Kandiyan Kousallia & Ors. Vs. Kandiyan Yesodha & Ors.
Indian Succession Act, 1925
Sections 207, 208, 192 – Will – Partition suit – Claim based on Will dated 29.9.79 – Challenged on grounds of proper mental state and suspicious circumstances – Both grounds upheld and Will rejected – High Court also affirming the same – After death of testator, application under Section 192 filed by claimants and on contest by wife only, Will up
Held –
1. Heard learned Counsel for the parties.
2. The present appeal is directed against the judgment dated 21st February, 1991 in A.S. No. 62 of 1991 of the High Court dismissing the appeal and confirming the trial court judgment in a suit filed for partition by the first respondent. The disputed property pertains to one Govindan who died on 8th December, 1981. The plaintiff is the niece of Govindan. Govindan had two sisters Madhavi and Janaki. Both of them predeceased Govindan. The plaintiff is one of the daughters of Madhavi. Madhavi had another daughter, the first defendant and a son Mukundan. Mukundan’s widow and son are defendant nos. 3 and 4. Defendant nos. 5 to11 are the children of the first defendant and defendant nos. 12 to 14 are the children of 6th defendant. The 2nd defendant is the son of Janaki, another sister of Govindan. The main issue of adjudication is the challenge of the Will executed by Govindan on 29th September, 1979 on the basis of which appellants claim their right. This Will is challenged by the plaintiff on two grounds that the executor on the date of its execution was not in the proper mental state of mind and the Will is surrounded with suspicious circumstances, hence liable to be set aside. The trial court rejected the Will on both the grounds. The High Court confirmed it.

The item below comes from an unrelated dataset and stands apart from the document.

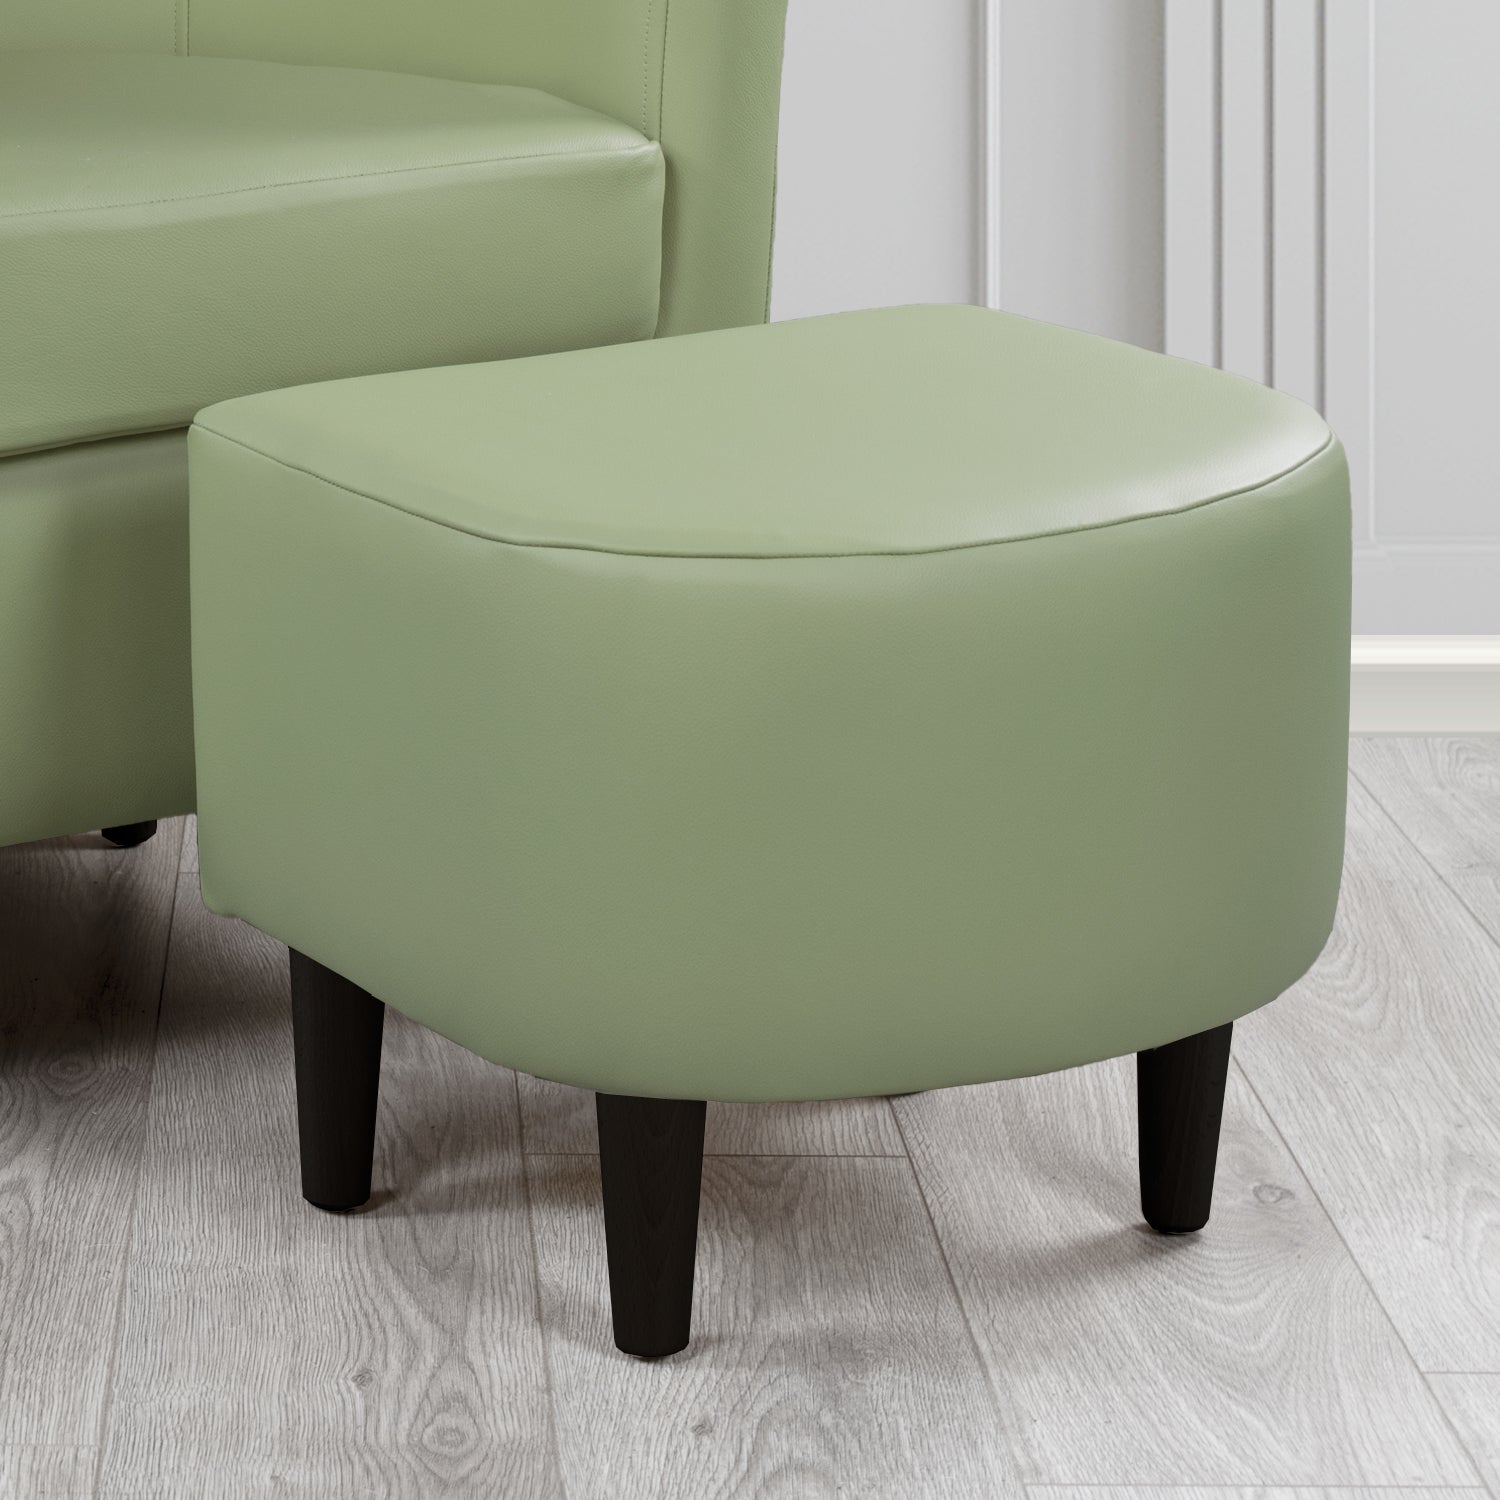 St Tropez Shelly Thyme Green Crib 5 Genuine Leather Footstool (4631438098474)

3. Mr. T.L.V. Iyer, learned senior Counsel submits that the Appellate Court has merely paraphrased the decision given by the trial court and has not applied its mind hence the case was not examined properly as Appellate Court is required to do. He submits, after the death of Govindan, an application was made by the appellants under Section 192 of the Indian Succession Act, at which time, only wife was the heir of the deceased Govindan and she contested it by denying the said Will, but it seems in the later proceedings, it proceeded ex parte. The witnesses in these proceedings were not cross-examined before passing the order. The Court upheld the Will and the said appellants’ application was allowed. We may make it clear, so far this order, admittedly could not bind the plaintiff in view of Sections 208 and 209 of the Indian Succession Act. However, learned Counsel for the appellants submits he is not relying upon it as a binding order but only to dispel the suspicion drawn by the courts below in the execution of this document. One of the reasons for not accepting the said Will by court below is that there is no provision in the Will for the wife. The submission is, if the wife doubted the Will, she would have seriously contested the proceedings for the grant of possession as aforesaid under Section 192. Not only then, but also thereafter, she lived for two years but did not challenge the said Will.
4. We have gone through the trial court judgment. We find, the court has properly scrutinised the circumstances and considered the relevant evidence for drawing its inference against the execution of the said Will. The only submission is that the High Court while considering the appeal, has not applied its mind and it being the court of fact, it should have considered all the evidences on the record. We do not find its findings are lacking in this regard. The High Court has considered all the circumstances, which is placed before us. The High Court as a court of fact, records the impairment of the mental power of the executant, which is based on evidence of his loss of sight, impairment of hearing and failure of memory. Then High Court has drawn its inference by concurring with the finding of the trial court . We do not find that any error is committed which calls for our interference. The High Court has further considered even the question, whether wife was provided with something in the Will or not. The only possible submission which was raised on behalf of the appellant is, para 6 of the Will recites that something was given to the wife. However, the Appellate Court records that no evidence is led to show the ownership of any such asset having been given to the widow.
5. In view of this, we do not find any error in the same. Hence, we hold the present appeal has no merits. It is accordingly dismissed. Costs on the parties.